Postby Blueprint Mithun » Fri Nov 25, 2016 1:59 pm

klaudiaxo wrote:Does anyone have any tips in regards to anxiety?

Even when I'm not doing a timed section I still get anxiety correcting my answers, and thinking about taking the LSAT makes my stomach turn.

I have anxiety in general, so I feel like it's keeping me from racking up those valuable extra points. How did you remain calm and anxiety free on test day? 8)


Test anxiety is one of those things that differs from person to person, so it's impossible to give you a catch-all solution. But the best I can offer are some tips that have helped me and students that I've worked with.

First off, you need to use your prep time to confront your anxieties about the LSAT head on. If you're getting anxiety from correcting your answers, then keep doing it. In fact, do it more often than you are now. If there's a specific section or question type that gives you anxiety because you tend to struggle with it, spend extra time studying and practicing it. You're goal should be to keep working on that aspect of the test until it's no longer a source of fear.

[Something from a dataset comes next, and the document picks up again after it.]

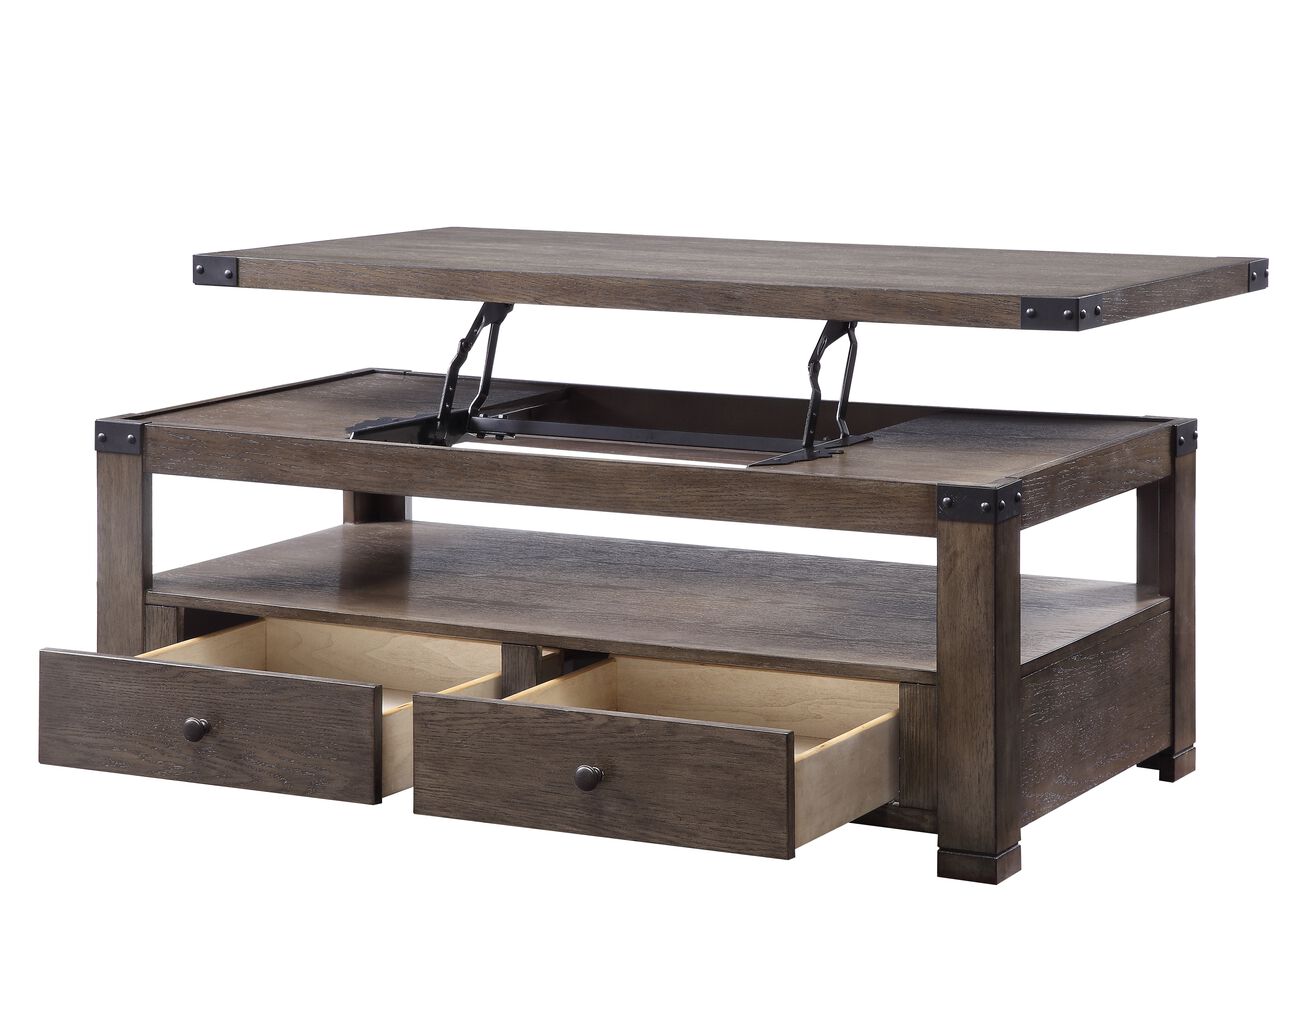 Transitional Style Wooden Coffee Table with Two Drawers, Gray

I'd also recommend practicing mindful meditation on a daily basis, to help keep your anxiety under control. This is something that has helped me both inside and outside the context of the LSAT. Practicing mindfulness is simple: the core concept is taking a short chunk of time out of each day to be by yourself and think about the emotions you're experiencing. Try to identify why you're feeling a certain way, and try to think of ways to change that behavior. It can help your achieve a greater degree of self-awareness and self-control.

I would recommend combining mindfulness exercises with simple meditative breathing exercises. The more consistently you practice this, the more effective it will become. When I was feeling overcome by nerves while doing a practice test or something, I'd take 10 seconds to close my eyes, take some deep breaths, and give myself a reassuring pep talk. It might sound trivial, but it can be incredibly effective. The LSAT is also a looong test, and there are a lot of opportunities to get tripped up by a difficult or confusingly worded question - being able to recalibrate your mental state is vital, in my opinion.

Finally, doing timed practice tests is the closest you can get to experiencing the real LSAT. I'd recommend doing some of these in unfamiliar places, like a study hall if you're in university, or a library.

Hope some of those tips are helpful!